» Information provided
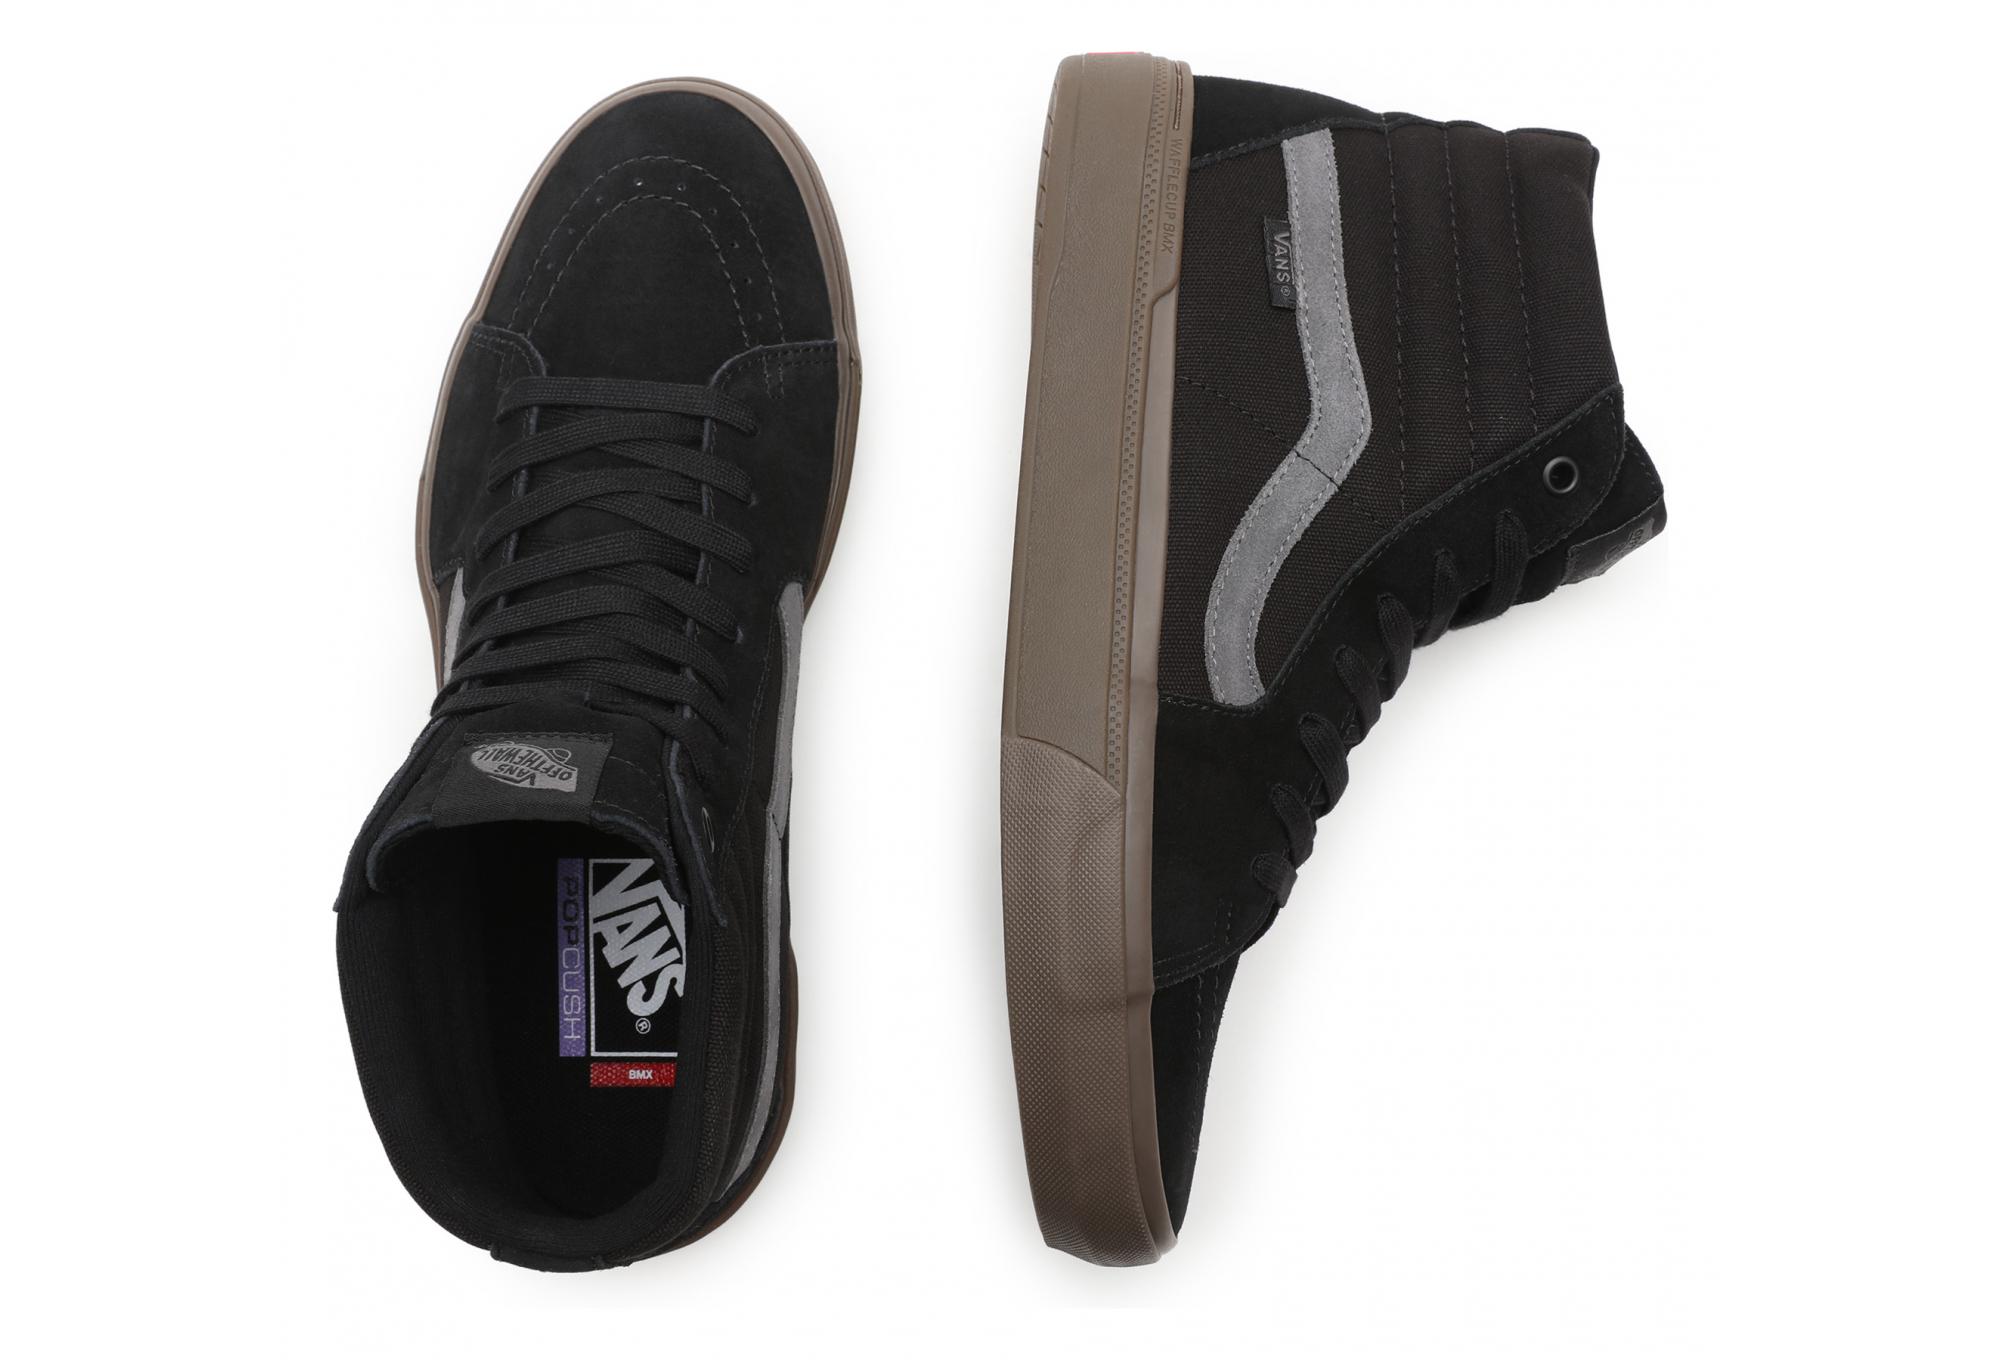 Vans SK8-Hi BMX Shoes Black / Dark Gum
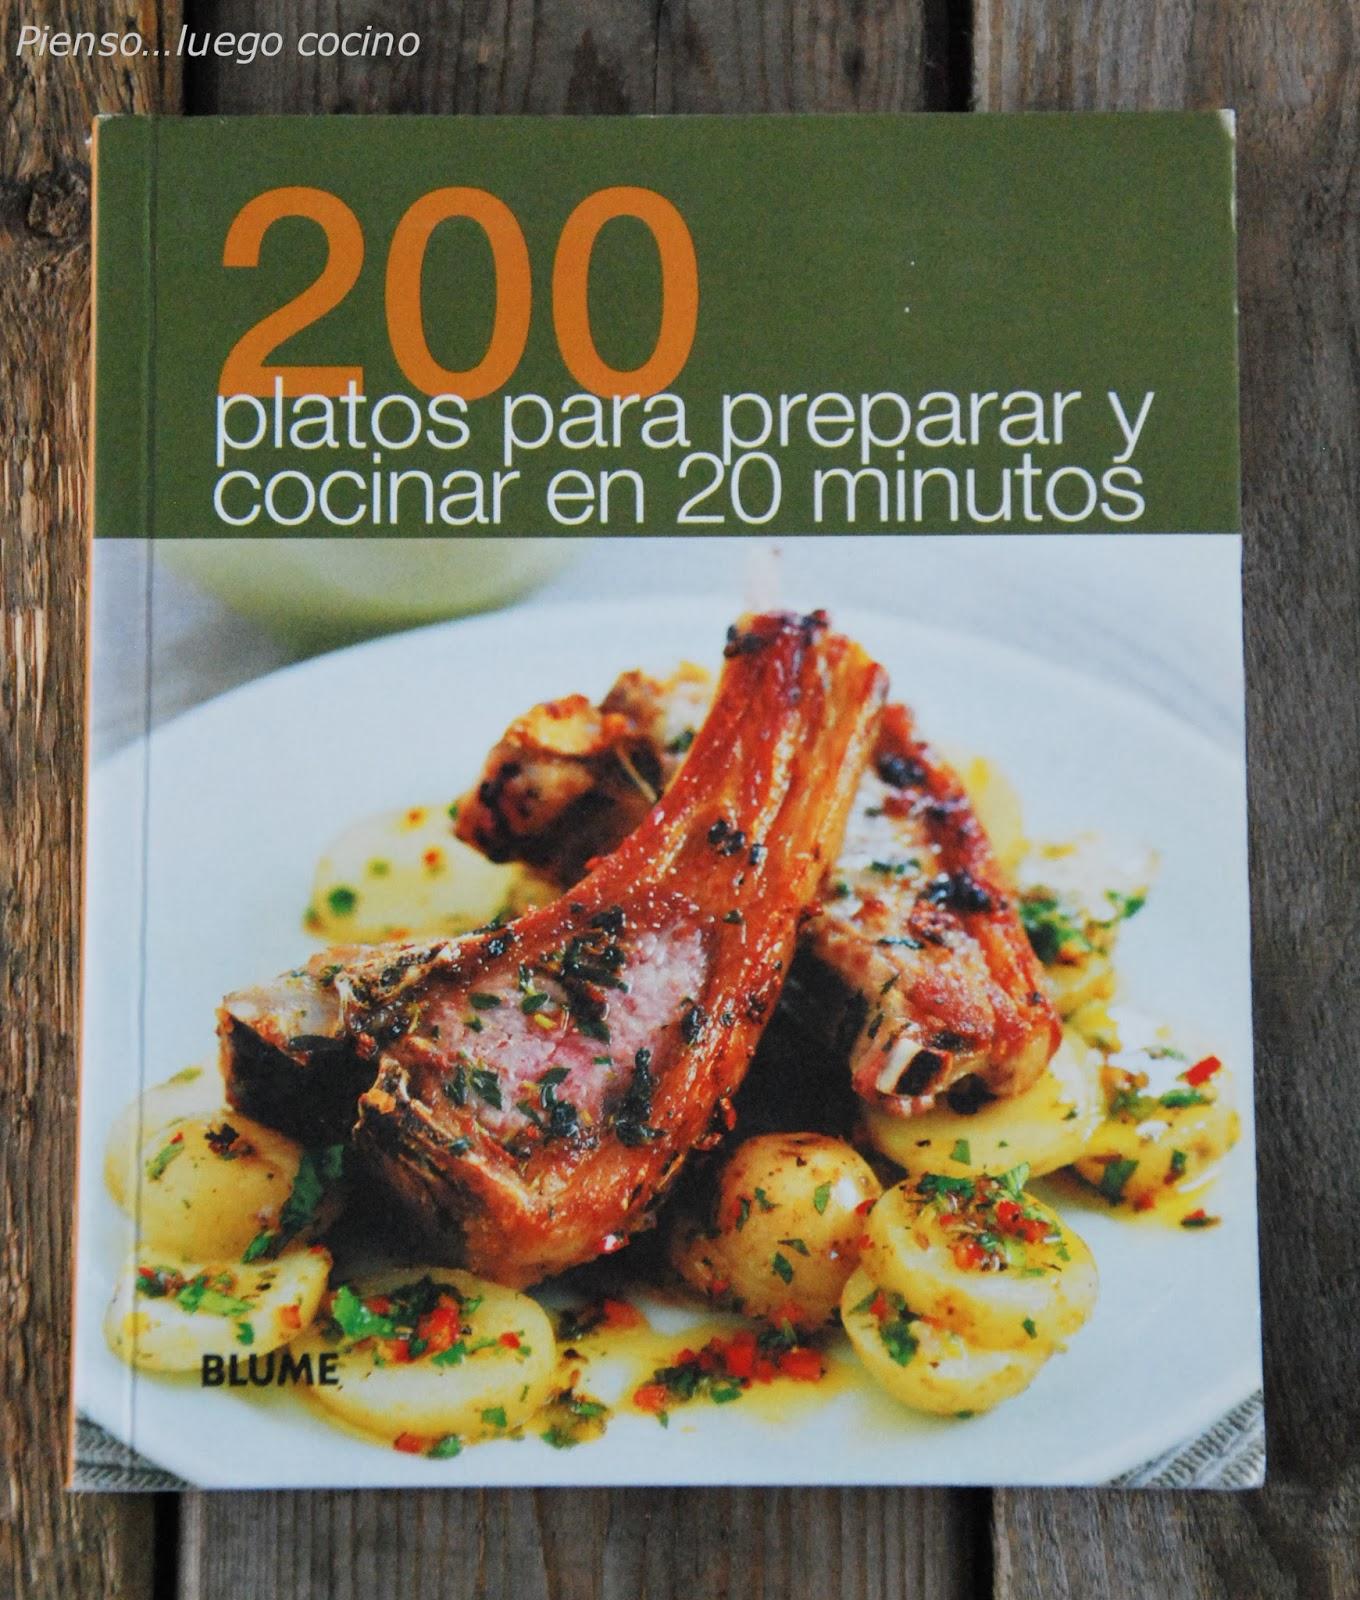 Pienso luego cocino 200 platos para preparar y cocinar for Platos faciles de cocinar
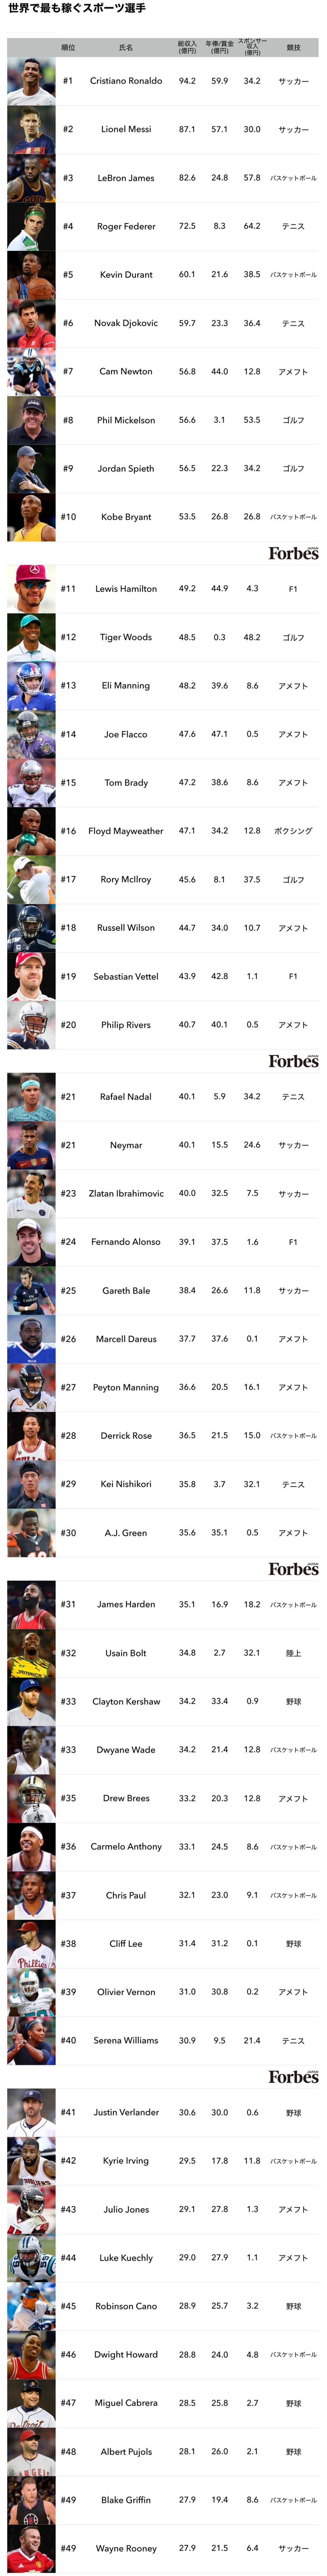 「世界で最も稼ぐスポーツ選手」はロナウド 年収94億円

» Your instructions
Leave the pictures out and restate the listing word for word.

» Exercise output
 Vans SK8-Hi BMX Shoes Black / Dark Gum
 Pienso luego cocino 200 platos para preparar y cocinar for Platos faciles de cocinar
 「世界で最も稼ぐスポーツ選手」はロナウド 年収94億円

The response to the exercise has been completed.